Step 1: Subtraction Property of Equality
Jerome started with the equation:
[tex]\[ \frac{1}{3} x + \frac{5}{6} = 1 \][/tex]
He then subtracted [tex]\(\frac{5}{6}\)[/tex] from both sides:
[tex]\[ \frac{1}{3} x + \frac{5}{6} - \frac{5}{6} = 1 - \frac{5}{6} \][/tex]
This simplifies to:
[tex]\[ \frac{1}{3} x = 1 - \frac{5}{6} \][/tex]
Calculating the right side:
[tex]\[ 1 - \frac{5}{6} = \frac{6}{6} - \frac{5}{6} = \frac{1}{6} \][/tex]
So far, there's no error, and we have:
[tex]\[ \frac{1}{3} x = \frac{1}{6} \][/tex]
Step 2: Evaluating the Expression
Jerome mentioned correcting this step to:
[tex]\[ \frac{1}{3} x = \frac{1}{6} - \frac{5}{6} \][/tex]

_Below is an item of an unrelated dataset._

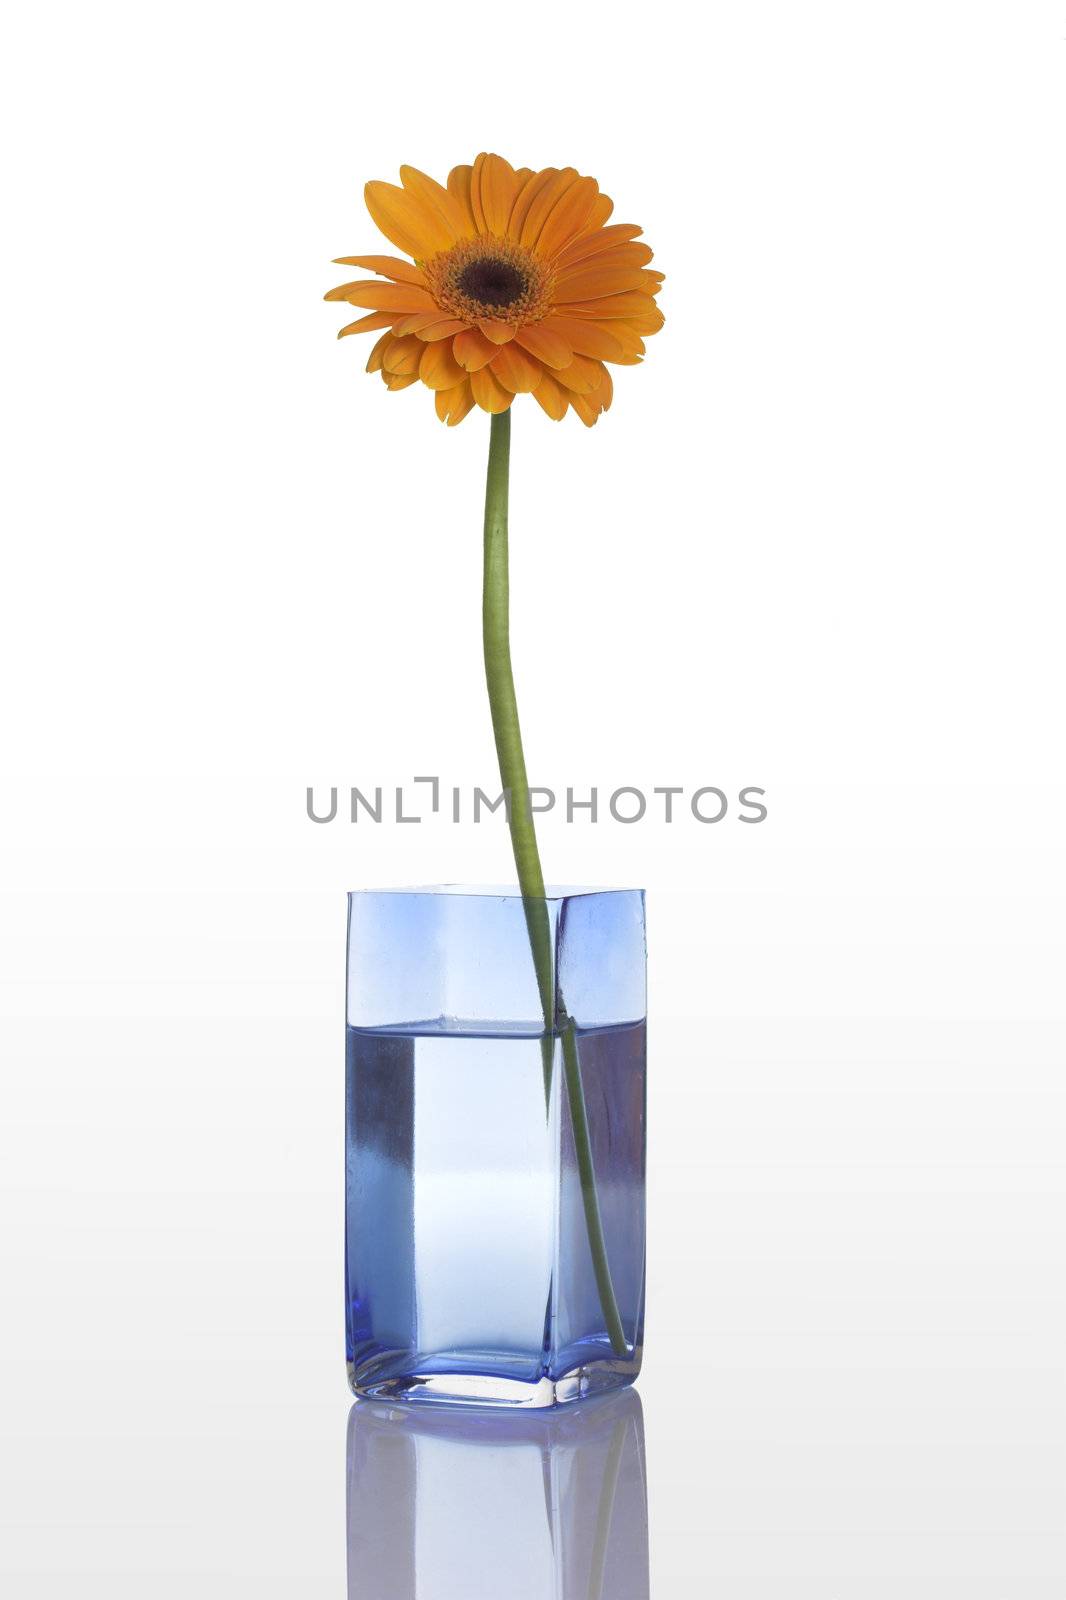 A blue vase with a orange gerbera flower isolated on white background

It appears he tried calculating [tex]\(\frac{1}{6} - \frac{5}{6}\)[/tex]:
[tex]\[ \frac{1}{6} - \frac{5}{6} = \frac{1 - 5}{6} = \frac{-4}{6} = \frac{-2}{3} \][/tex]
At this point, the equation should be:
[tex]\[ \frac{1}{3} x = \frac{-2}{3} \][/tex]
Step 3: Multiply by the Reciprocal
Then, to isolate [tex]\(x\)[/tex], multiply both sides by the reciprocal of [tex]\(\frac{1}{3}\)[/tex], which is [tex]\(3\)[/tex]:
[tex]\[ x = \frac{-2}{3} \times 3 \][/tex]
Simplifying:
[tex]\[ x = -2 \][/tex]
Step 4: The Final Answer
So, the correct value of [tex]\(x\)[/tex] is:
[tex]\[ x = -2 \][/tex]
Conclusion:
Jerome made an error in step 1 when simplifying [tex]\(\frac{1}{3} x = 1 - \frac{5}{6}\)[/tex] by stating that it equals [tex]\(\frac{1}{6}\)[/tex] instead of evaluating it directly. Correctly evaluated, [tex]\(1 - \frac{5}{6} = \frac{1}{6}\)[/tex].
Therefore:
- Jerome made no error in steps 2, 3, and 4.
- The correct calculation would yield [tex]\(x = -2\)[/tex], and any errors in steps 2, 3, and 4 would have caused incorrect results if they were significant.
Thus, despite the arduous presentation and potential confusions, the errors and corrections align - Jerome should ensure correctly simplifying fractional expressions meticulously in all steps consistently.